Supplied information ->

******

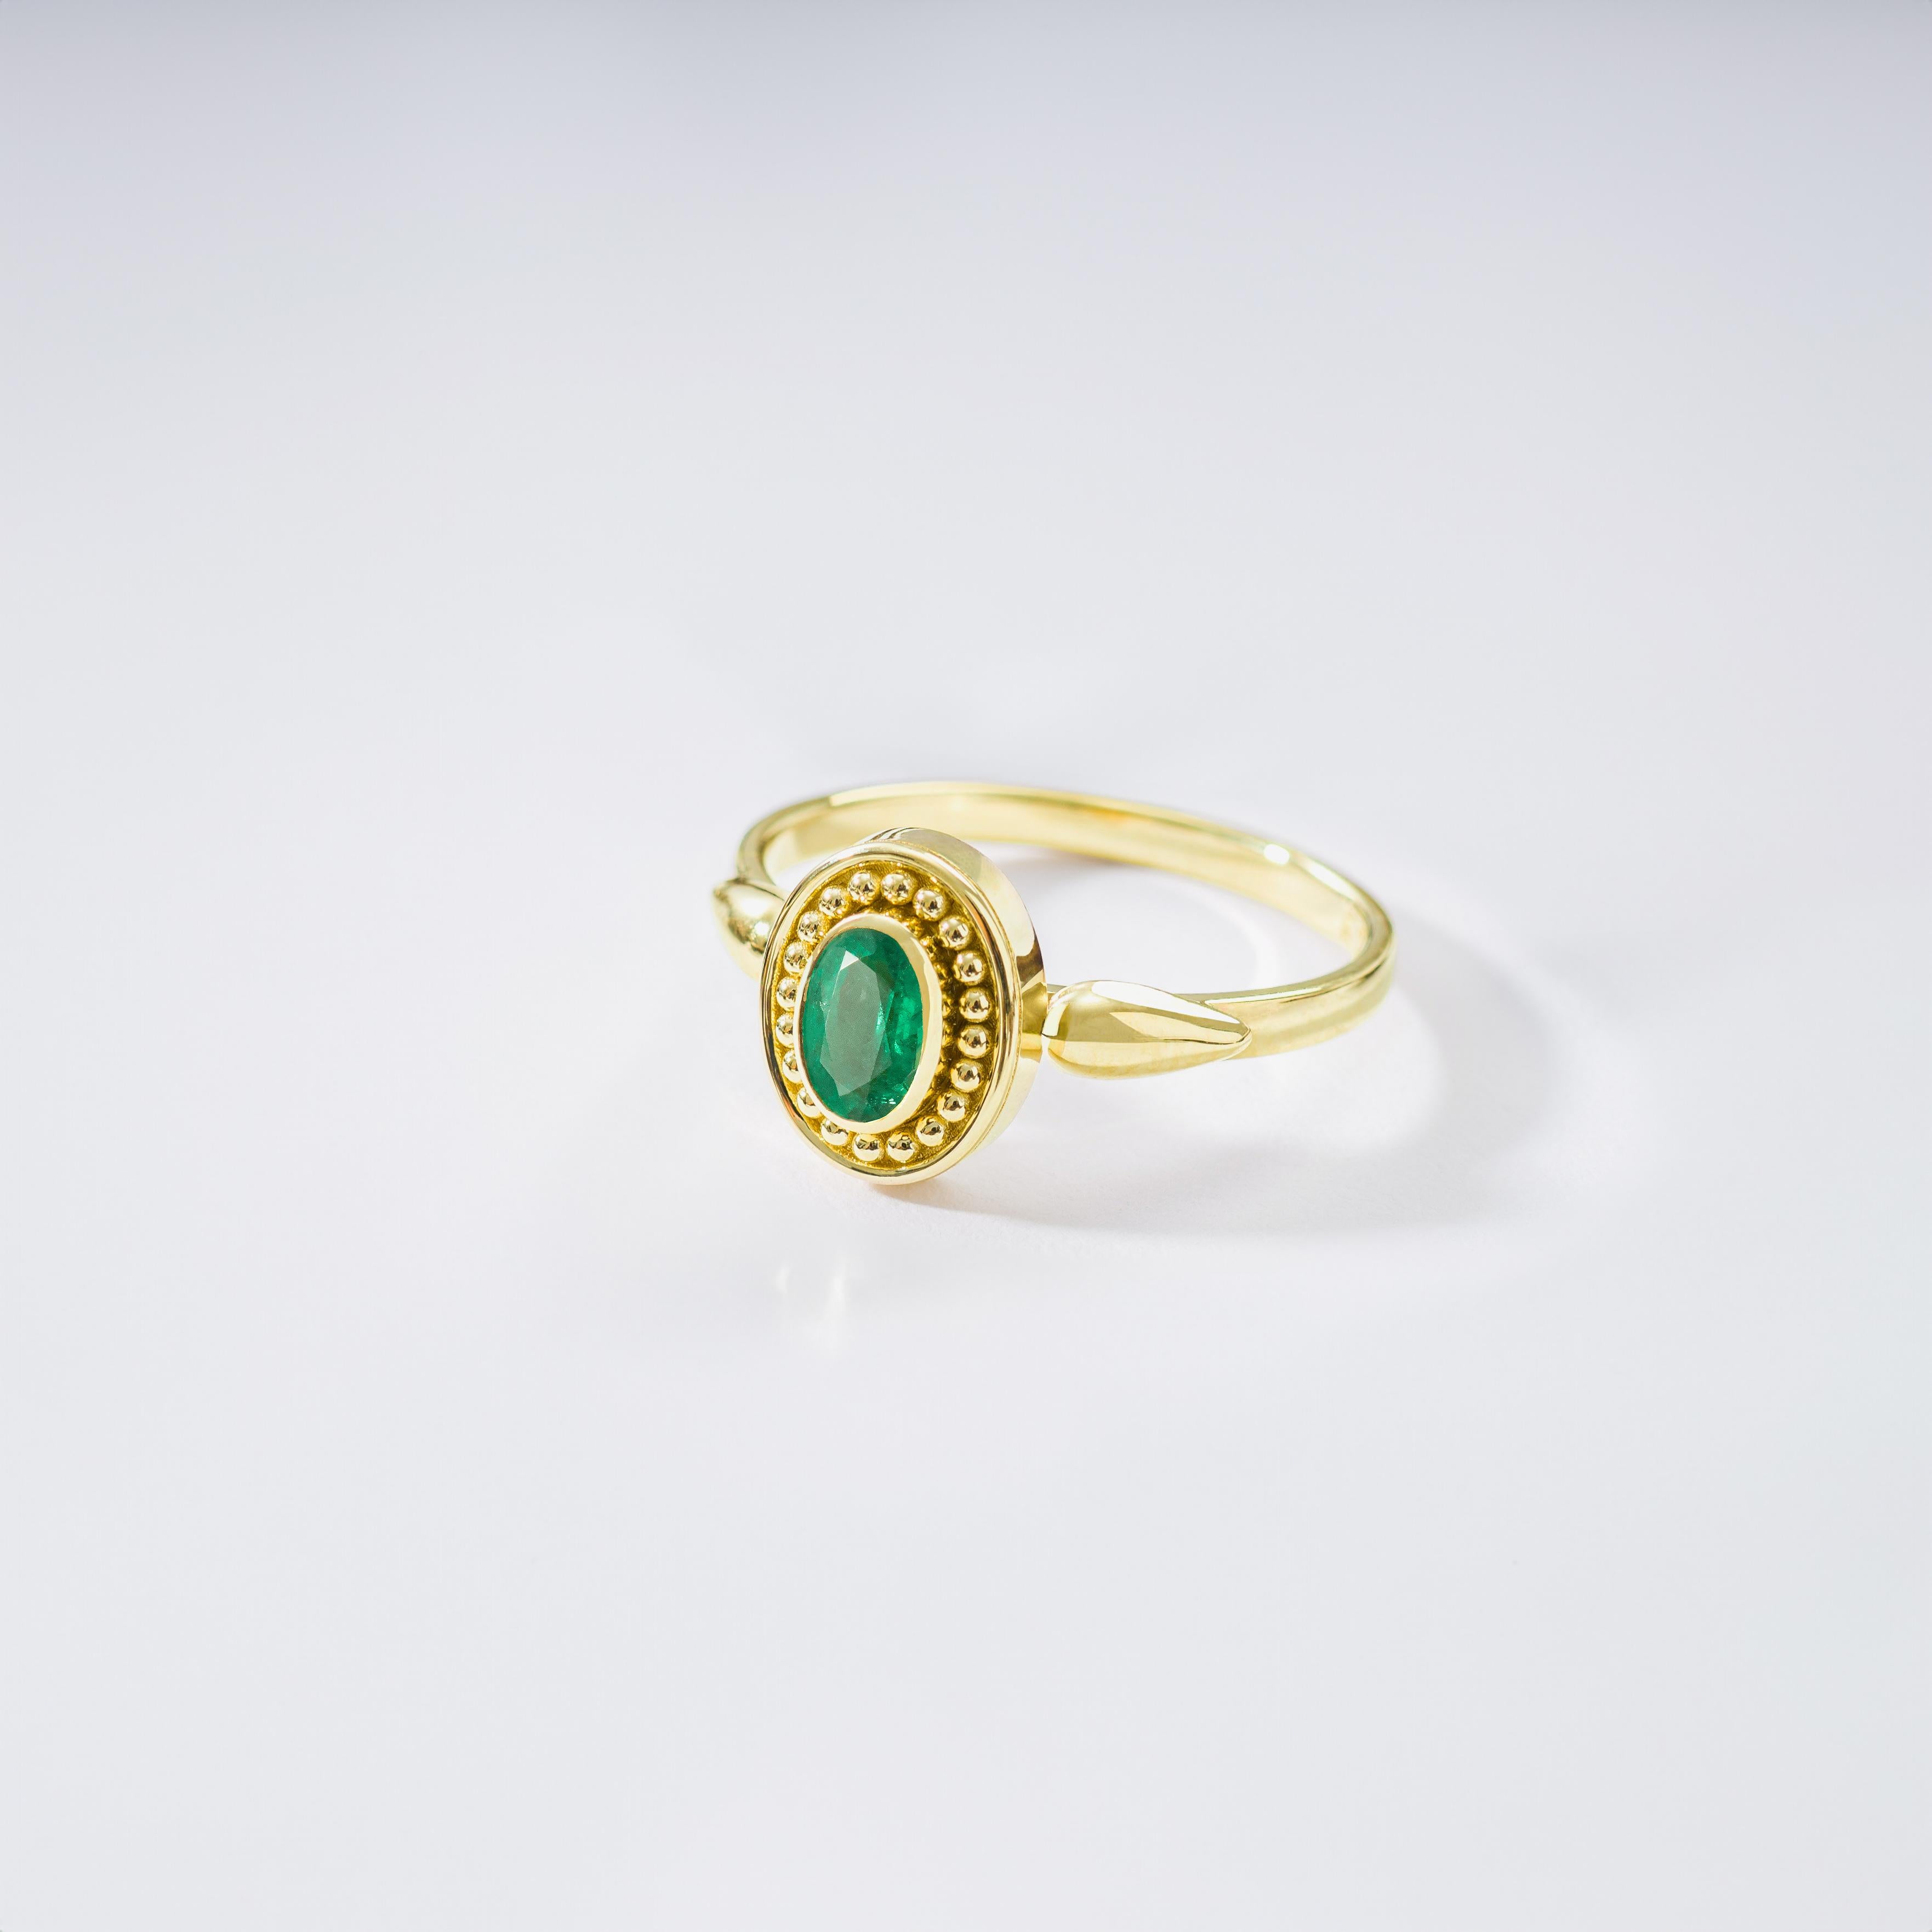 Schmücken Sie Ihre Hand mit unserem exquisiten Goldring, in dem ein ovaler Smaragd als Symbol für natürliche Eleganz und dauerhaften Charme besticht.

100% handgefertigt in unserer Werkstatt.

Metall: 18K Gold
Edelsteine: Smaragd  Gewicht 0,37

******

Exercise directions ->
Before you finish, make sure every line above has been repeated exactly and no picture remains in the copy.

Written response ->
 Schmücken Sie Ihre Hand mit unserem exquisiten Goldring, in dem ein ovaler Smaragd als Symbol für natürliche Eleganz und dauerhaften Charme besticht.

100% handgefertigt in unserer Werkstatt.

Metall: 18K Gold
Edelsteine: Smaragd  Gewicht 0,37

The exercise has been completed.